Switch README to recipe style.

robholland · robholland · commit 064de11f52a4 · 2025-10-20T15:01:47.000+01:00
diff --git a/foundations/claim_check_pattern_python/README.md b/foundations/claim_check_pattern_python/README.md
@@ -1,171 +1,222 @@
+<!-- 
+description: Use the Claim Check pattern to keep large payloads out of Temporal Event History by storing them in Redis and referencing them with keys, with optional codec server support for a better Web UI experience.
+tags:[foundations, claim-check, python, redis]
+priority: 999
+-->
+
 # Claim Check Pattern with Temporal
 
-This recipe demonstrates how to use the Claim Check pattern to offload data from Temporal Server's Event History to external storage.
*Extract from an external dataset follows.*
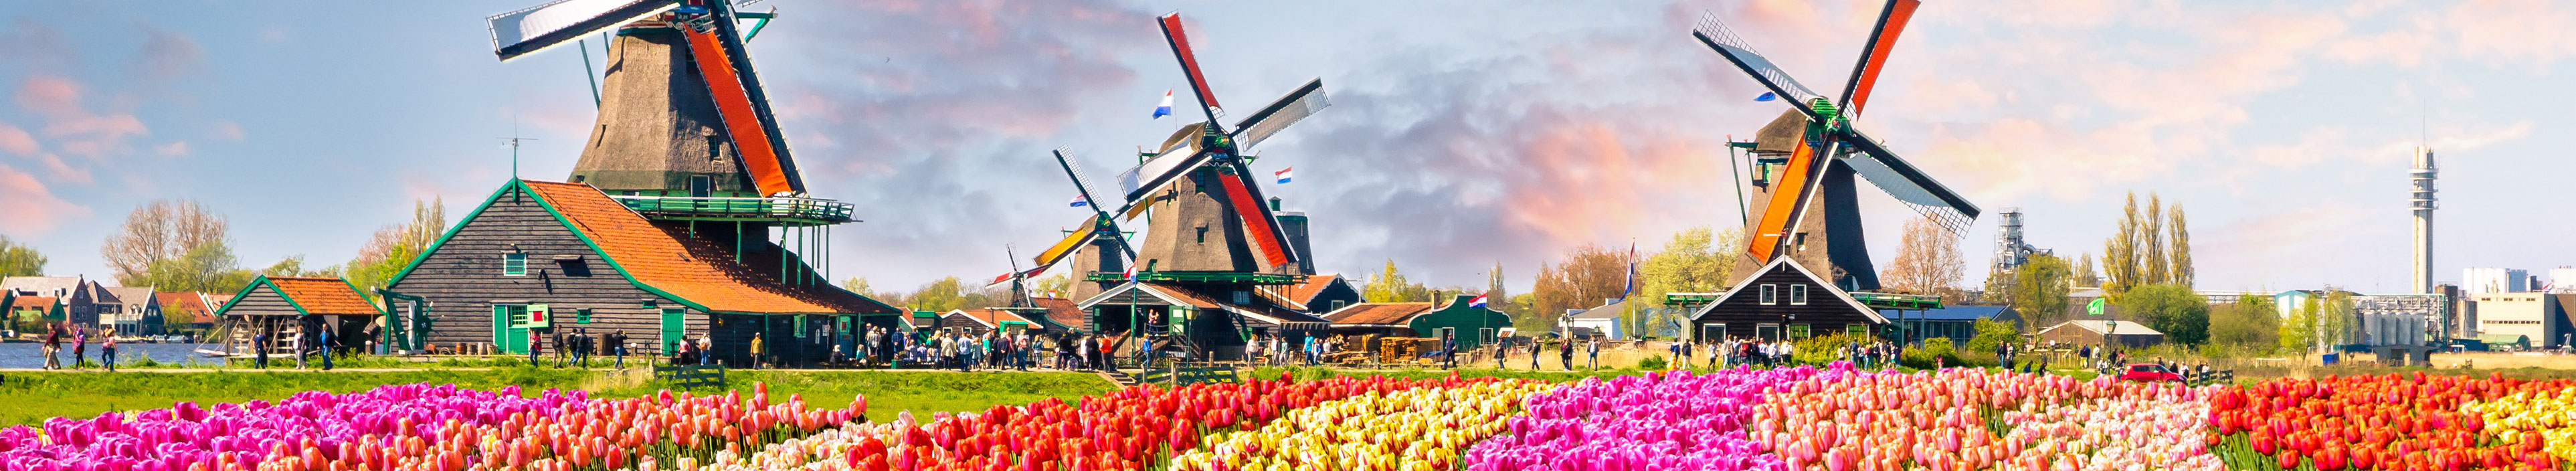 Windräder und Tulpen in den Niederlanden

This can be useful in conversational AI applications that include the full conversation history with each LLM call, creating large Event History that can exceed server size limits.
+The Claim Check pattern enables efficient handling of large payloads by storing them externally and passing only keys through Temporal workflows and activities. This keeps Temporal Event History small while preserving transparent access to full data via a codec.
 
-## What is the Claim Check Pattern?
+This recipe includes:
 
-Each Temporal Workflow has an associated Event History that is stored in Temporal Server and used to provide durable execution. When using the Claim Check pattern, we store the payload content of the Event in separate storage system, then store a reference to that storage in the Temporal Event History instead.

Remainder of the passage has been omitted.